Development of Acute Myeloid Leukemia Cell Membrane Coated Nanoparticles (AMCNPs) for Cancer Vaccination Immunotherapy

Acute Myeloid Leukemia (AML) is the most common acute leukemia in adults and has a five-year survival rate under 50%. Most patients will relapse even after complete remission is achieved through standard chemotherapy. Thus, one barrier in current AML therapy is how to target the minimal residual disease during remission. Recent developments in understanding cancer cell antigen presentation and immunosuppression have revealed the promise of cancer immunotherapy in activating immune responses to target residual disease. Each leukemia patient has a unique spectrum of cell surface antigens, which are mostly uncharacterized. If these antigens can be efficiently presented to the patient's immune system, immune responses to fight the leukemia can be significantly enhanced. We therefore sought to develop and characterize an AML cell membrane-coated nanoparticle (AMCNP) platform with nanoparticles (NPs) carrying the same surface antigens as the source leukemic cells for use as an anti-cancer vaccine.

To demonstrate that our AMCNP vaccines enhance leukemia-specific antigen dendritic cell (DC) presentation and T-cell responses, we modified the C1498 murine AML cell line to express membrane-bound chicken ovalbumin (C1498-mOVA) as a model antigen. We confirmed that the C1498-mOVA line presents the OVA MHC class-I "SIINFEKL" antigen through flow-cytometry and LacZ B3Z T-cell activation assays. The C1498-mOVA line remained leukemogenic when injected into C57BL/6 mice, with survival times between 30 and 55 days.
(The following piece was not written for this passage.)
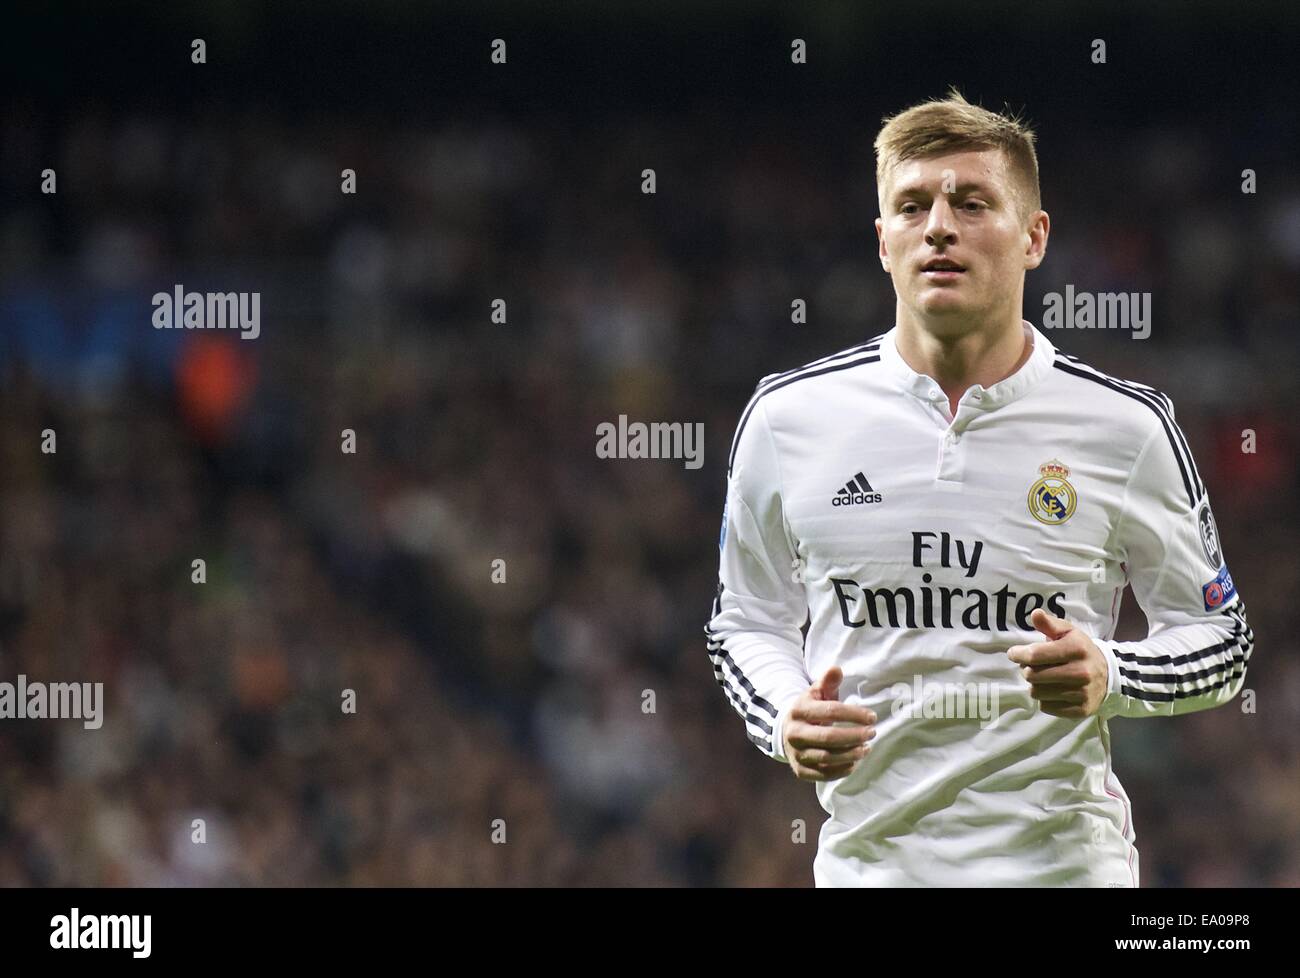 Madrid, Spain. 4th Nov, 2014. Toni Kroos in action during the UEFA Champions League match between Real Madrid and Liverpool. Real Madrid won the match 1-0 at Santiago Bernabeu on November 4, 2014 in Madrid Credit:  Jack Abuin/ZUMA Wire/Alamy Live News Stock Photo

We generated both C1498 and C1498-mOVA membrane-coated nanoparticles, that were packaged with CpG oligo-deoxynucleotides (CpG) as an immune-stimulatory adjuvant. The final AMCNPs exhibit a core-shell structure with uniform coating as shown by transmission electron microscopy. The C1498-mOVA AMCNPs retained mOVA antigen. To confirm that the C1498-mOVA AMCNPs can effectively stimulate DC OVA MHC class I cross-presentation, we pulsed primary bone marrow derived DCs with C1498 AMCNPs or C1498-mOVA AMCNPs; only the C1498-mOVA AMCNP pulsed DCs specifically elicited OVA MHC class-I T-cell activation in lacZ B3Z T-cell activation assays.

To verify that the AMCNPs can elicit antigen-specific immune responses in vivo, we vaccinated C57BL/6 mice with C1498 AMCNPs, C1498-mOVA AMCNPs, or equivalent amounts of whole cell lysates. When stimulated ex vivo with OVA peptide, immune-cell preparations from the C1498-mOVA AMCNP vaccinated mice showed significantly enhanced production of OVA-specific T-cells and IFN-γ, demonstrating increased immune responses. To assess if the enhanced cellular immunity afforded by the C1498-mOVA AMCNP formula can translate into functional rejection of leukemia cells, we performed a prophylactic study using the C1498-mOVA model. Mice vaccinated with the C1498-mOVA AMCNPs all survived beyond 120 days post C1498-mOVA cell challenge, compared to mock treated control mice which had a median survival of 60 days.

Collectively, we developed an AMCNP platform that carries AML surface antigens and can be packaged with immunostimulatory adjuvants. These AMCNPs retained AML specific antigens, elicited enhanced antigen specific immune responses after in vivo vaccination, and improved immunity against AML challenge. Therefore, using AML cell membrane coated NPs to enhance anticancer immunity is a feasible strategy for AML vaccination immunotherapy.